Thursday, June 26, 2025

Day 9 – May 31st, 2025: Big Bend National Park & Heading Home

It was my last morning in the mountains. The sunrise streamed directly through my car window. I opened the door and, for the first time, used time-lapse to capture the beauty of that moment. For so many reasons, I didn’t want the morning to end. It was absolutely silent—one of the most magical sunrises I’ve ever seen.

But like everything in life, we’re in constant motion. Everything changes, moment to moment. Nothing remains the same.

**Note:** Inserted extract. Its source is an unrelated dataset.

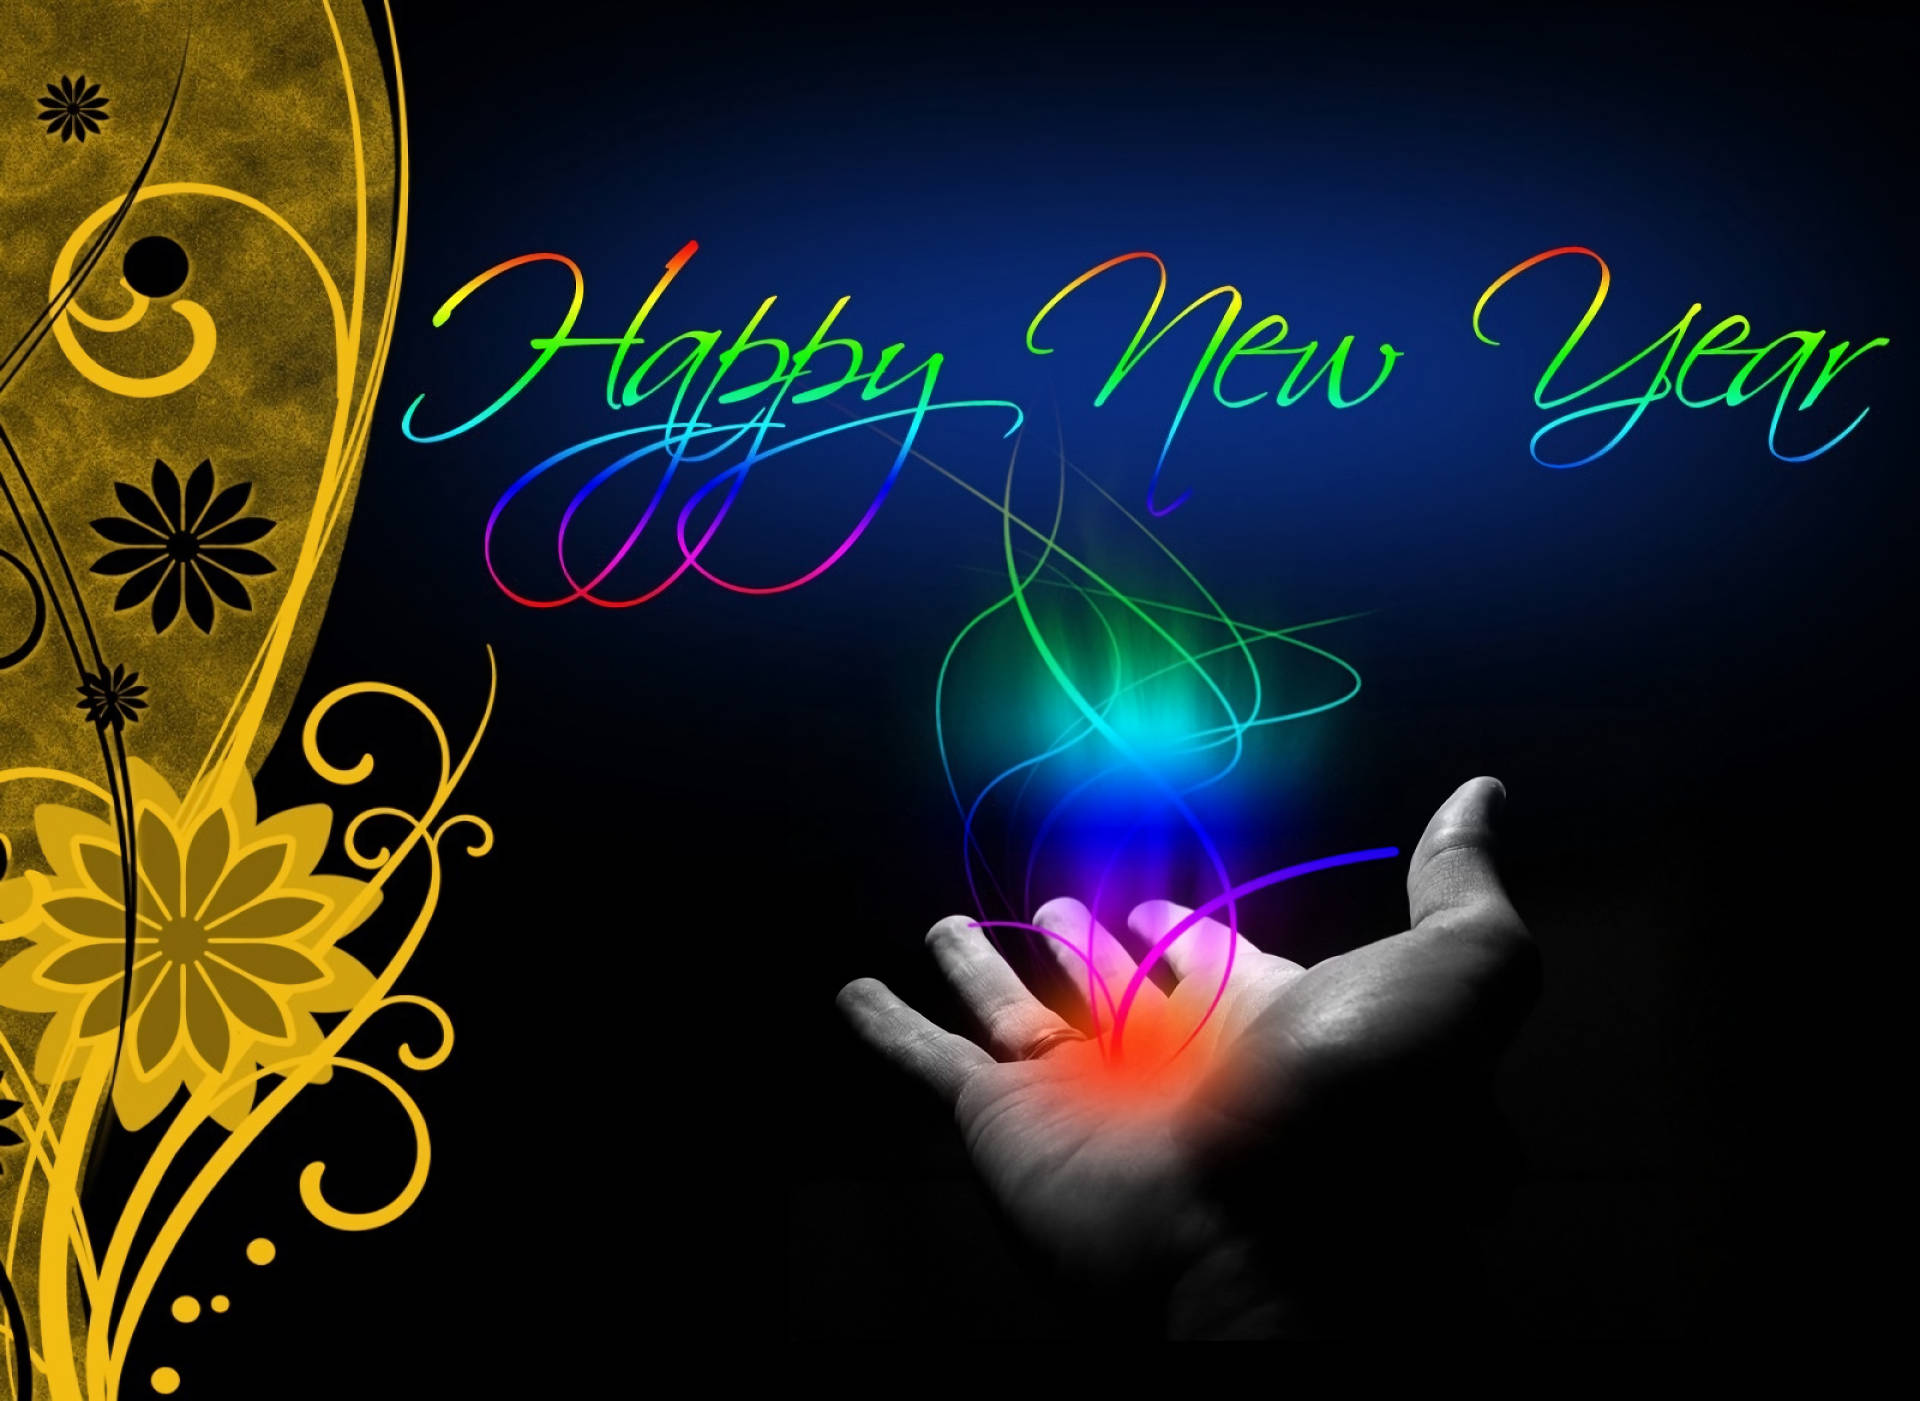 New Year Greetings And Hand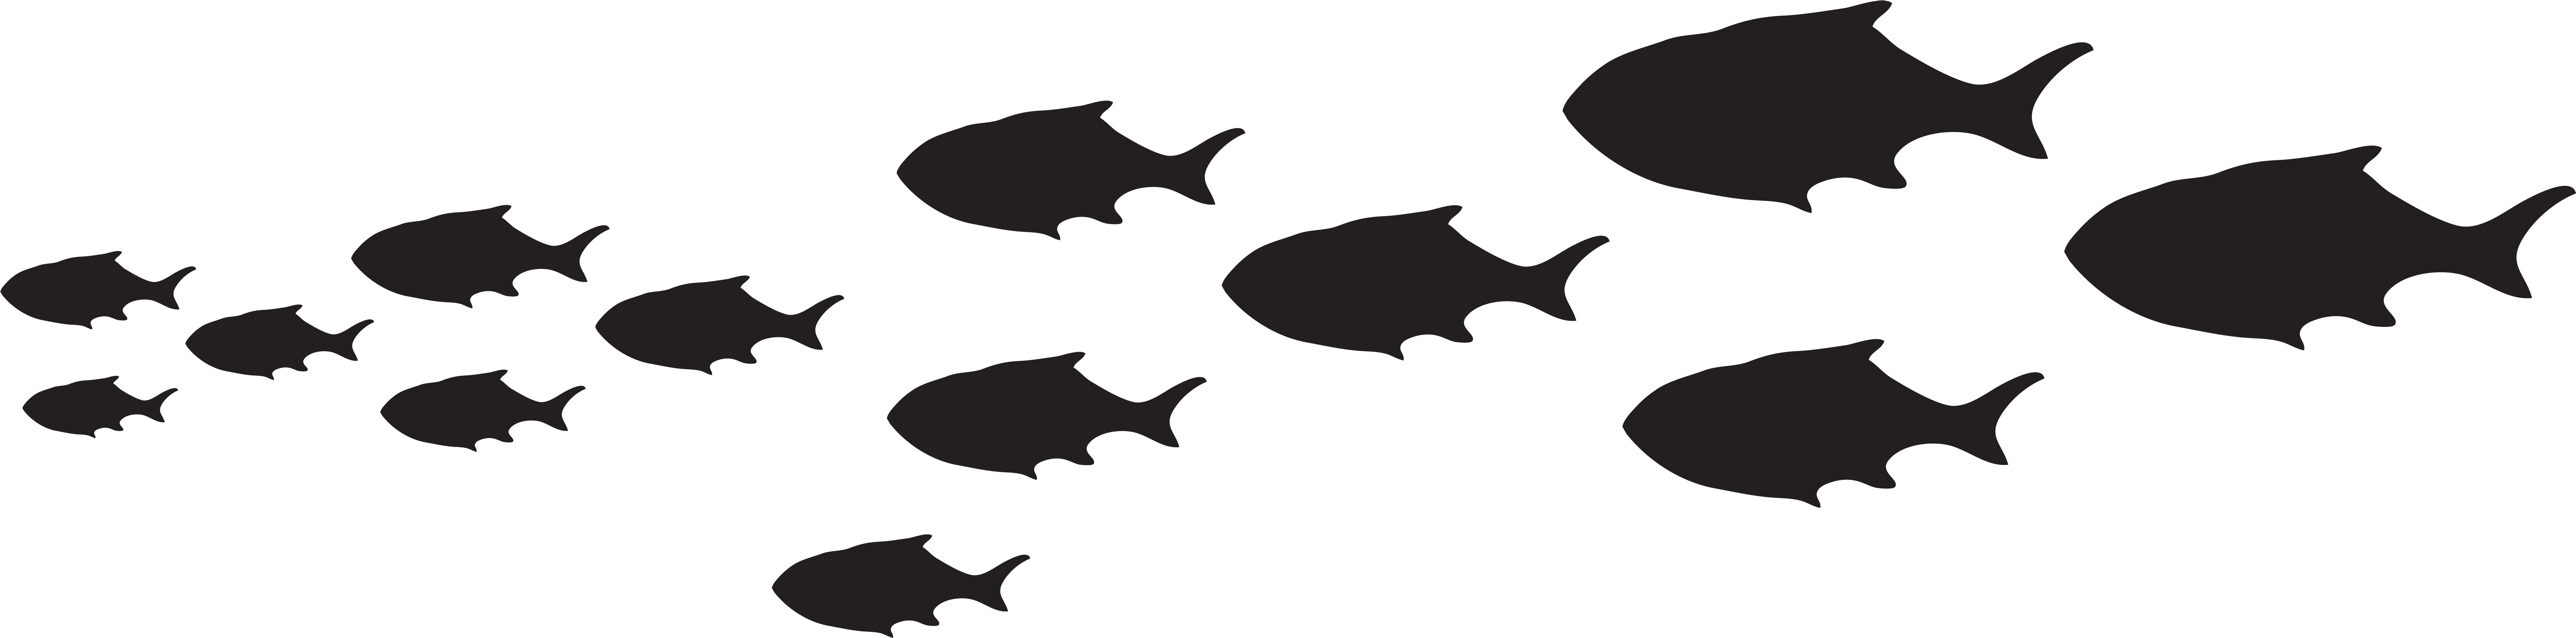 Fish Silhouette Clip Art At Getdrawings - School Of Fish Silhouette Png (8000x2098), Png Download

I reorganized myself, packed my backpack, and started driving toward the Emory Peak trailhead (10 miles), the highest point in the Chisos Mountains and all of Brewster County. It was almost 8 a.m. when I began the hike. Surprisingly, unlike any other park I’ve visited, there was a ranger station at the trailhead. Rangers were asking hikers if they had enough water and snacks, their estimated return time, and offering guidance on what to do if they encountered a bear or mountain lion.

The trail was relatively easy for most of the way up. I was amazed by the richness of nature in this park, especially the variety of birds—many I had never seen before, including countless bluebirds. I was also surprised to learn that Big Bend is home to both mountain lions and black bears.

I didn’t see many hikers until the last half mile, which was very steep—that’s probably why people slowed down. Oddly enough, I realized I’ve come to really enjoy the steep parts of hikes. In fact, I found it fun. The ascent to the peak was about five miles (Strava clocked my roundtrip at 10.27 miles).

At the summit, I met a few hikers, a group of three from Texas, one of whom works for Nelnet, a Lincoln, Nebraska-based engineering firm company. I also met Eddie and his brother. Eddie lives in a small border town, and his brother lives in Austin. They were both kind and polite. We exchanged cameras to take photos of each other and swapped social media contacts.


Coming down was fast—as usual, I’m nearly unstoppable on the descent. I finished the hike by 12:15, just a little over four hours. After visiting the gift shop and bathrooms, I saw Eddie and his brother again. We chatted briefly and took a group photo.


By then, I was ready for snacks and cold drinks, gearing up for the 16-hour drive home. With almost a full tank, I drove straight to where home is, Lincoln, NE and my first stop was Odessa, Texas. Put gas and order a pizza. While waiting, I chatted with the owner. He asked about my journey, and I vented about getting a second windshield chip today, thanks to loose gravel. He mentioned something about Bitcoin mining and how many Chinese and Russians are moving to the area because of it. Honestly, I had no idea what he was talking about.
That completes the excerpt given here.